Expected Value, Dichotomy of Control, Good Things are Easy to Get, Life is Short. I use these thinking tools daily and they may help you as well.
Plans are worthless, but planning is essential – Dwight D. Eisenhower
Expected value is the sum of all possible outcomes' values weighted by the probability of the outcome. Say you play a game involving a fair coin flip. If you win, you get $10, if you lose, you lose $12. In other words, the value of heads, V(heads), is 10, and the value of tails, V(tails), is -12. Since it's a fair coin, P(heads) and P(tails) are both 0.5.
EV (heads) = P(heads) * V(heads) = 0.5 * 10 = 5 EV (tails) = P(tails) * V(tails) = 0.5 * -12 = -6 EV (total) = EV(heads) + EV(tails) = -1
A negative EV means the game is not worth playing. But real life is a lot more complicated and complete information is usually impossible: what's the EV of performing a database migration? How about the EV of building a new testing framework instead?
As a thinking tool, the point of EV is not to come up with a perfect formula in order to crunch the numbers (though in the rare case where you have all the data, such as casino games, you should do that). Rather, the value is in the planning itself. By attempting to address the EV question, you are forced to think about the potential outcomes, the probability of those outcomes, and their payoffs (positive and negative). This can often lead you to discover outcomes that you had not considered. Or perhaps there is an externality that should be internalized.
Don't Overdo It: EV models are similar to other tools like Discounted Cash Flows and SWOT analyses. These are imperfect models that can lead to overconfidence. Remember that these models encode all of the biases of the people who build them. Try to question the validity of the assumptions, especially your own.
Dichotomy of Control
God, grant me the serenity to accept the things I cannot change, the courage to change the things I can, and the wisdom to know the difference. – Serenity Prayer
Traffic, delayed flights, or that time you embarrassed yourself in front of everyone at the holiday party (or anything else in the past for that matter). These are all beyond your control and getting frustrated does not change anything except your blood pressure. Rather, you should focus your energy on the things you can control.

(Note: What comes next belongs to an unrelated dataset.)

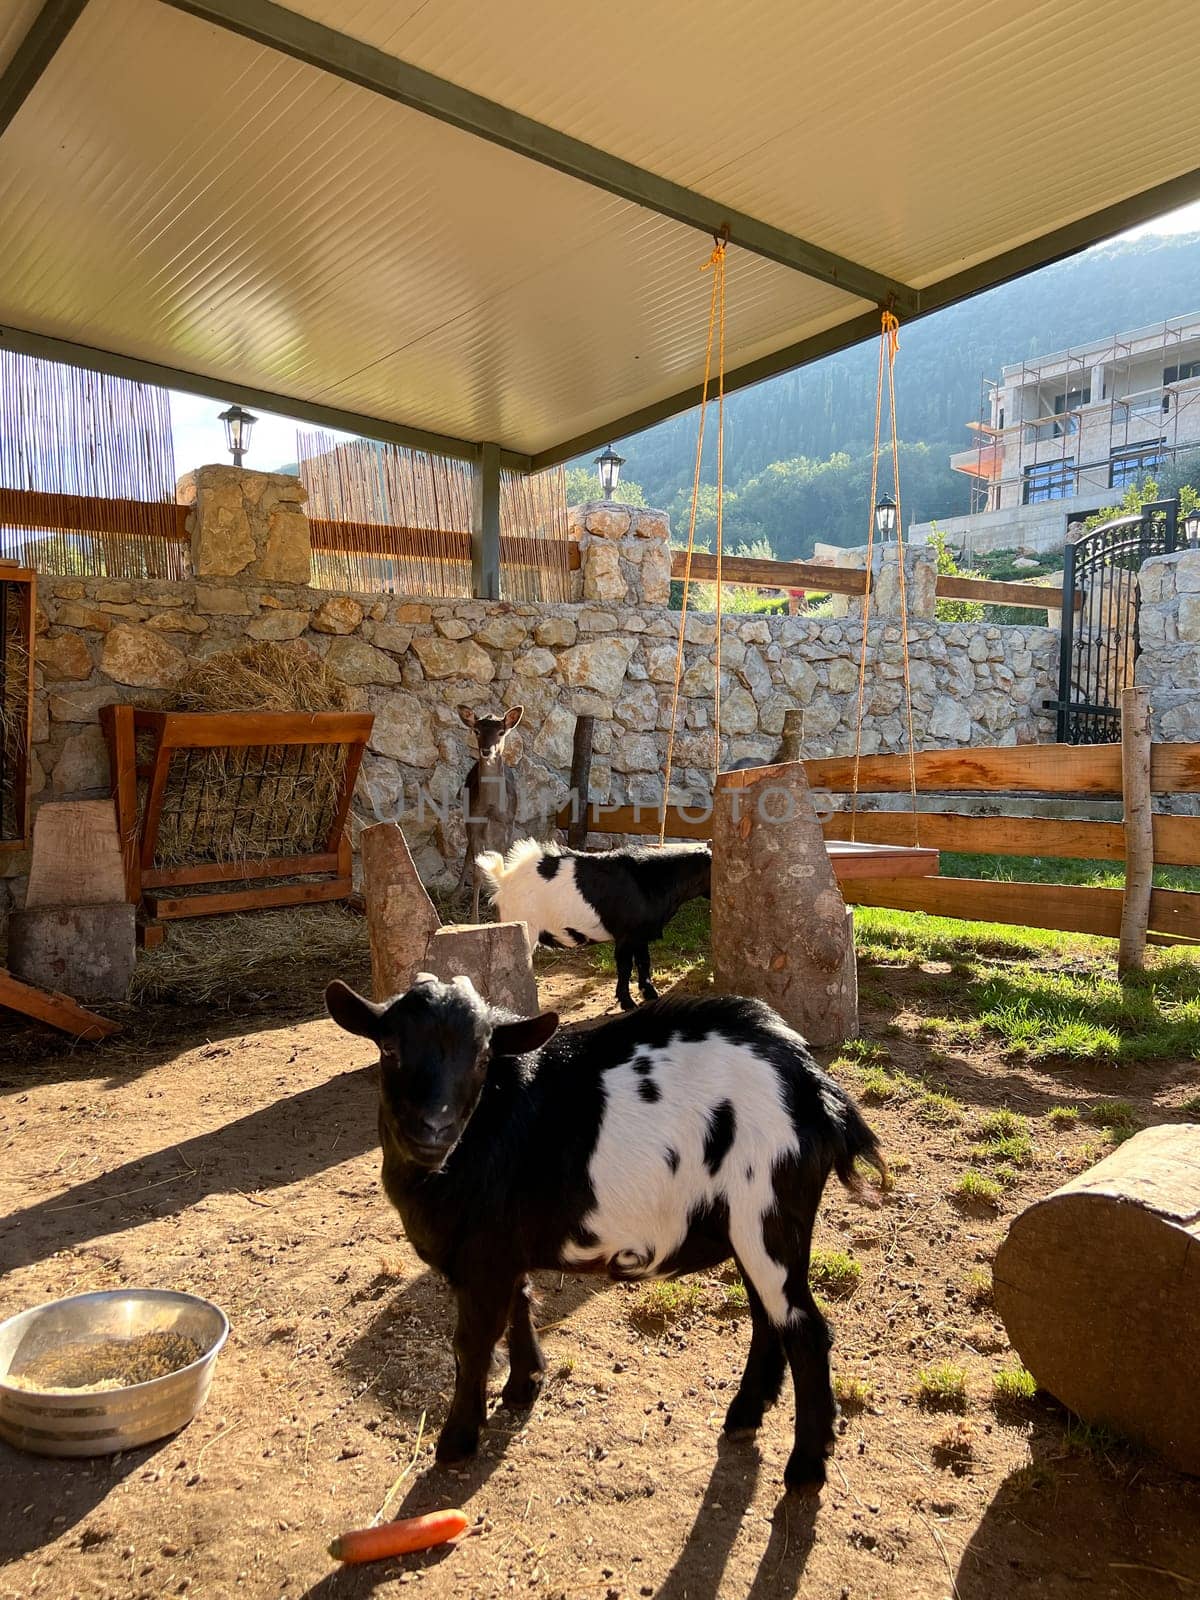 Goatling stands near a feeder with carrots in a corral by Nadtochiy

In the strict version of the Dichotomy of Control, you only have control over a few things such as desires and attitudes. Theoretically, what you have for lunch, or whether you have lunch at all is beyond your control. But let's remember that this idea was popularized by the Stoics during a period of constant war, disease, and social upheaval by modern standards. Since we are fortunate enough to live in the Long Peace, I think we can practically expand the circle of our control to include what we have for lunch.
In Guide to the Good Life, William Irvine suggests revising the Dichotomy of Control into the Trichotomy of Control: things you cannot control, things you can control, and things you can partially control. Regardless of which version you use, the core idea is to identify things beyond your control and stop worrying or stressing about them.

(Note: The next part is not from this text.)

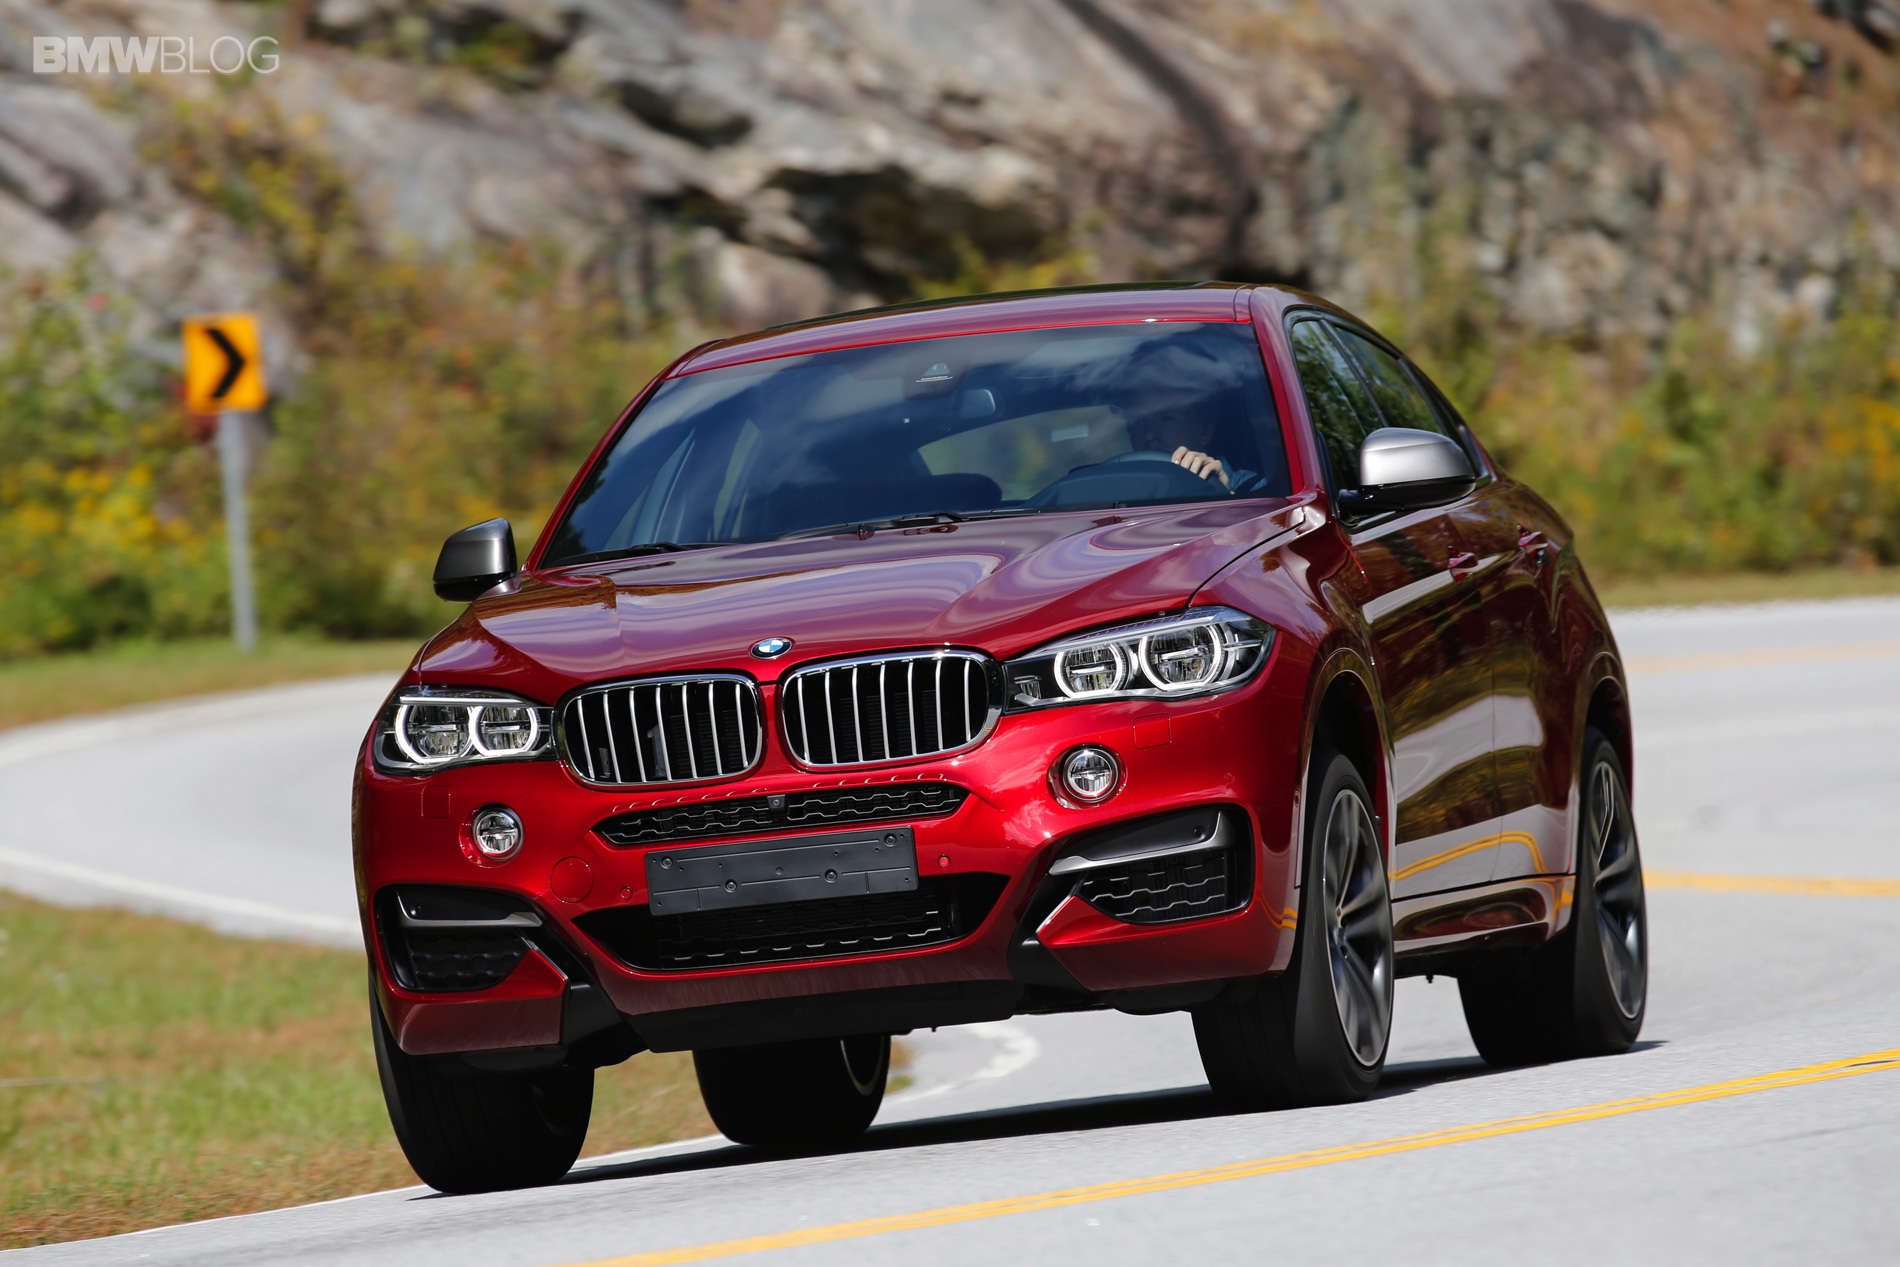 Top gear review of bmw x6 #7

Don't Overdo It: If you mis-identify too many things as beyond your control (when they are actually partially under your control), then you run the risk of fatalism.

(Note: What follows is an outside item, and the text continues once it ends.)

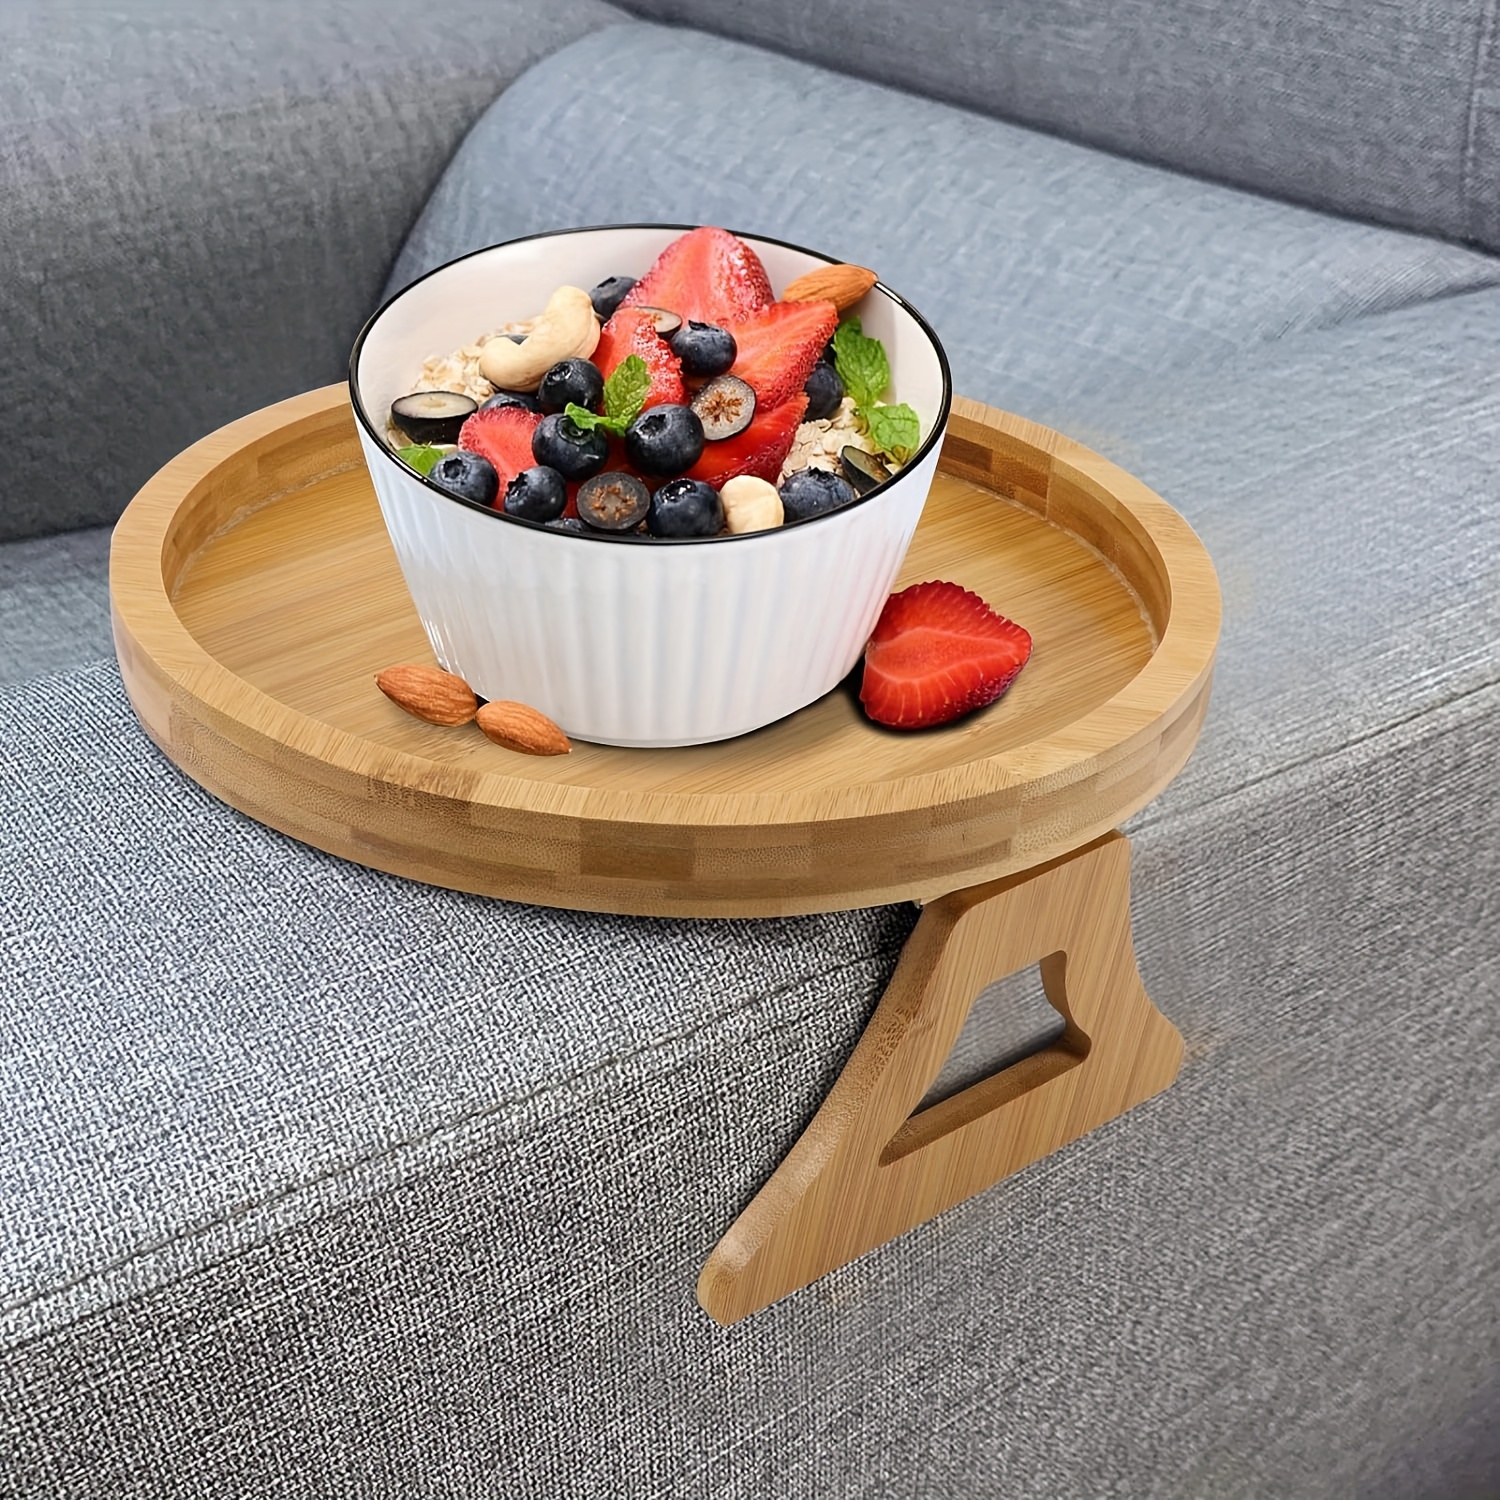 

1pc, Clip-on Tray For Sofa Armrest, Wooden Sofa Arm Tray, Retractable Sofa Tray Table Clip, Foldable Snack Tray Fits Securely Into The Sofa Or Coffee Table, Perfect Gift For Family And Friends

Good Things are Easy to Get
From the Four Cures. The ancient Greeks believed that the good essential things like food, water, and shelter are easy to obtain.
If you're reading this, you probably have more than food, water, and shelter. Much more: air conditioning, refrigeration, microwaves, dishwashers, vacuum cleaners, automobiles. Penicillin, sanitation, smallpox vaccine, toilet paper. Fresh fruits, vegetables, meats, fish, butter, coffee, tea, eggs available from the local grocer. A device in your pocket that lets you access humanity's collective knowledge and entertainment of every flavor in seconds. Did I mention that it can also communicate with loved ones across the planet instantly and for free? Our ancestors from just three generations ago could not have imagined or believed this. The typical person living in the US today eats better than the median monarch from two hundred years ago.
Maybe someone made a rude comment about your work. Maybe there is red tape and pointless bureaucracy at work. These kinds of things can cause us to focus on the dead leaves on a tree and miss the forest. The fact is we are in the top 1% most fortunate people to have ever lived.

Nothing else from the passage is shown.